O prêmio da SIP reconheceu "a tenaz luta a favor da liberdade de
expressão no hemisfério ocidental, ao defender com coragem e
determinação seu direito de manter a concessão do canal de
televisão, arrebatada pelo Governo da Venezuela presidido por Hugo
Chávez", segundo o comunicado da organização.
A entidade também escolheu os vencedores em outras 11 categorias,
cujos prêmios serão entregues na sua 63ª Assembléia Geral, em Miami
(Estados Unidos), de 12 a 16 de outubro. Cada um vai receber US$ 2
mil em dinheiro, além de placas e diplomas.
O prêmio de Direitos Humanos e Serviço à Comunidade foi para a
brasileira Erika Klingl, do jornal "Correio Braziliense", de
Brasília, pela série "Inocência Perdida".
Carlos Mesquita, do jornal "O Dia", do Rio de Janeiro, venceu na
categoria Fotografia. Elaine Gaglianone e Marcelo Torres, do mesmo
jornal, obtiveram uma menção honrosa na categoria Cobertura
Noticiosa por sua série de reportagens "Fique Vivo".

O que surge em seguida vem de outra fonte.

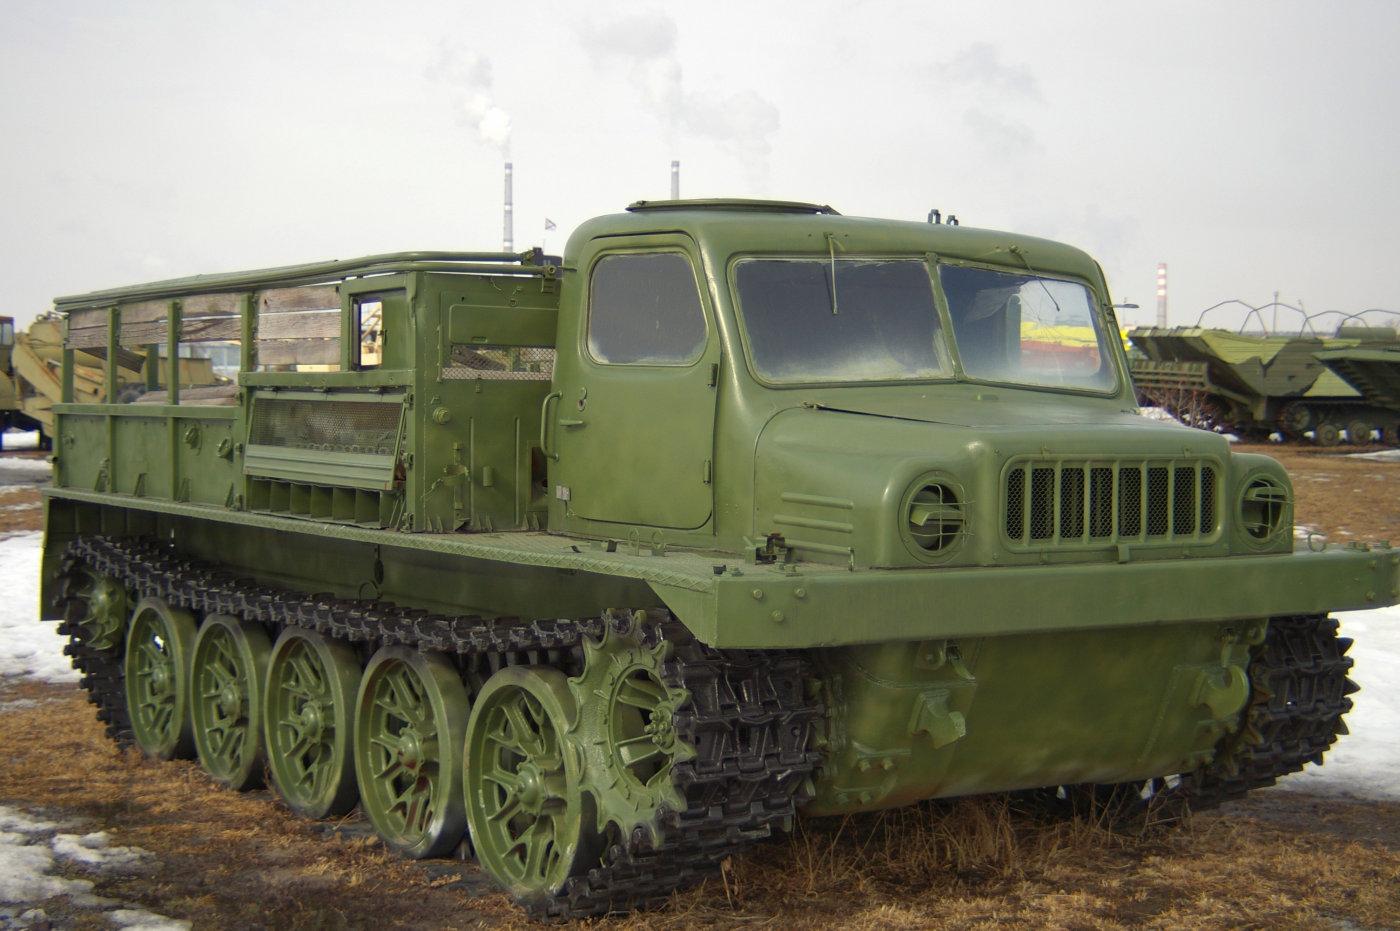 артиллерийский тягач АТС-59. г. Тольятти, технический музей им. К. Г. Сахарова

O prêmio de Caricaturas foi para Eduardo Baptistão, do jornal "O
Estado de São Paulo", com menção honrosa para Claudio Duarte ("O
Globo").
Aldem Bourscheit Cezarino, do site www.ecoagencia.com.br, do Rio
de Janeiro, recebeu menção honrosa na categoria Cobertura de
Notícias pela Internet.
A "RCTV", rede de televisão mais antiga da Venezuela, com 53
anos, parou de transmitir em canal aberto no dia 27 de maio. O
Governo venezuelano decidiu não renovar a concessão que permitia
suas transmissões.
Chávez acusa a "RCTV" de ter apoiado o golpe de Estado de abril
de 2002.
Apesar do fim da concessão, a direção e os jornalistas da "RCTV"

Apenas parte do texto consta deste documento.